GLP-1 obesity trials shift focus from weight loss to broader hepatic, cardiometabolic, and inflammatory outcomes
Background
The global epidemic of obesity presents a significant public health challenge, driving increased risk for numerous comorbidities including type 2 diabetes, cardiovascular disease, and non-alcoholic fatty liver disease. Current pharmacological interventions often fall short of achieving sustained, clinically meaningful weight loss with comprehensive metabolic benefits. Glucagon-like peptide-1 (GLP-1) receptor agonists have emerged as a cornerstone in obesity management, demonstrating efficacy in weight reduction and improved glycemic control. Understanding the evolving landscape of clinical research into GLP-1-based interventions is crucial to identify emerging therapeutic targets and optimize future drug development strategies.
Study Design
Researchers conducted a registry-based cross-sectional qualitative analysis of ClinicalTrials.gov data, retrieved on October 18, 2025. The study identified 227 completed interventional trials evaluating GLP-1 receptor agonists, including liraglutide, semaglutide, tirzepatide, exenatide, dulaglutide, and lixisenatide, for obesity. Key variables extracted included study phase, intervention type, enrolment numbers, primary outcomes, and completion year. Descriptive statistics summarized quantitative data, while qualitative thematic synthesis categorized outcome domains and research focus.
Results
A total of 227 completed interventional studies investigating GLP-1-based interventions for obesity were identified. Liraglutide was the most frequently investigated agent, accounting for n = 86 trials. Semaglutide and tirzepatide followed, each investigated in n = 18 trials, with exenatide in n = 15 trials, and other GLP-1 analogues comprising the remainder. Phase 3 and 4 trials predominated the landscape, indicating a mature stage of clinical development for many agents. Most studies enrolled fewer than 200 participants, suggesting a focus on specific populations or early-stage efficacy. Primary outcomes, while still largely weight-related, showed a significant expansion. > There was increasing attention to hepatic, cardiometabolic, and inflammatory endpoints, signaling a broader understanding of GLP-1's pleiotropic effects beyond simple weight and glycemic control. A marked rise in completed trials was observed after 2018, coinciding with the market introduction and increased research into newer, more potent GLP-1 analogues.
Key Findings
- 227 completed interventional GLP-1 obesity trials were identified on ClinicalTrials.gov.

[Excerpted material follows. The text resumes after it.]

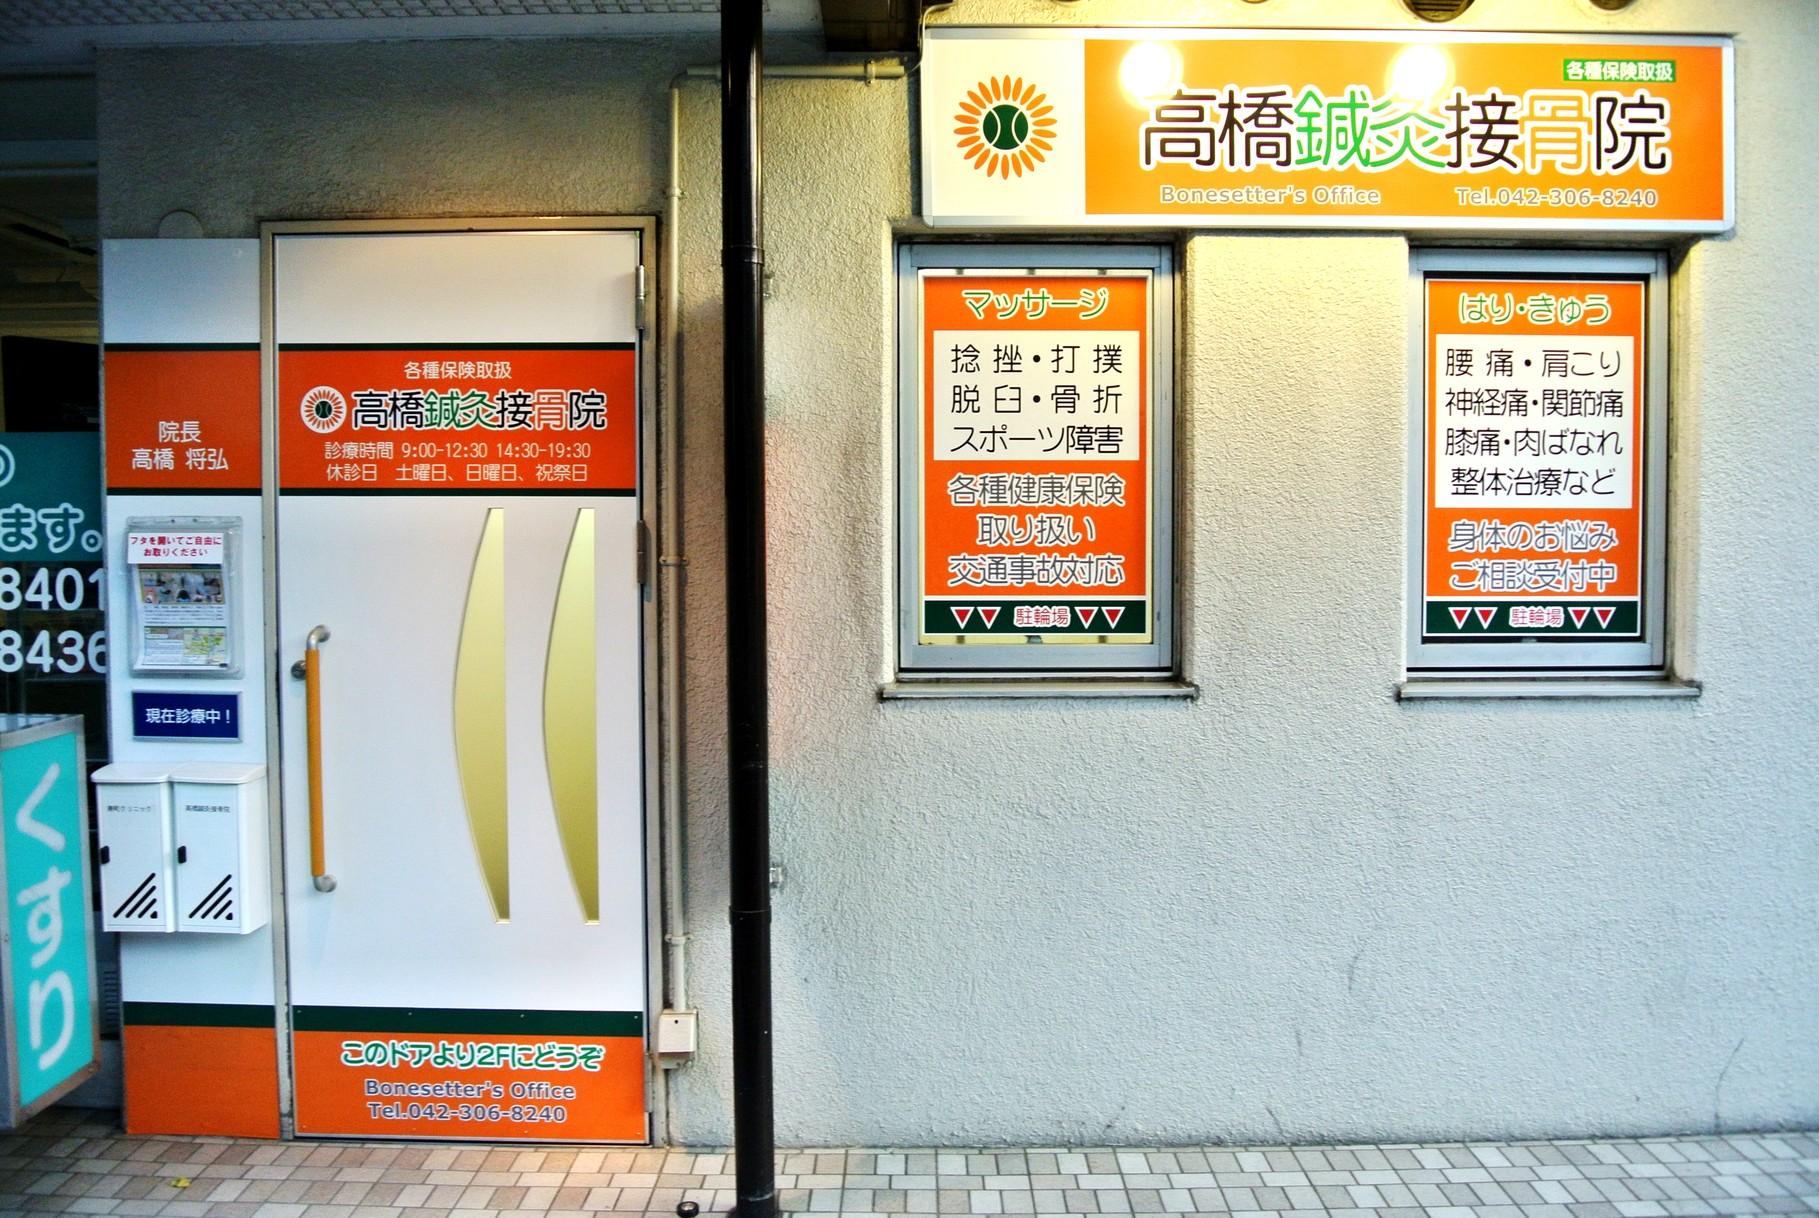 高橋鍼灸接骨院入り口(甲州街道沿い)

- Liraglutide was the most investigated agent (n = 86 trials).
- Phase 3 and 4 trials predominated, with most studies enrolling fewer than 200 participants.
- Primary outcomes expanded from weight-related to include hepatic, cardiometabolic, and inflammatory endpoints.
- A marked rise in completed GLP-1 trials was observed after 2018.
Why It Matters
This analysis highlights a critical shift in the clinical research paradigm for GLP-1 agonists in obesity, moving beyond primary weight loss to encompass a wider spectrum of metabolic and organ-specific benefits. Clinicians and researchers should recognize the expanding therapeutic potential of GLP-1s for conditions like MASLD, cardiovascular disease, and chronic inflammation. This evolving focus suggests that future GLP-1 protocols may increasingly target these comorbidities directly, potentially leading to combination therapies or tailored regimens for specific patient profiles. The observed increase in trials post-2018 underscores the rapid innovation in this class, indicating a robust pipeline for next-generation GLP-1-based interventions with broader systemic impact.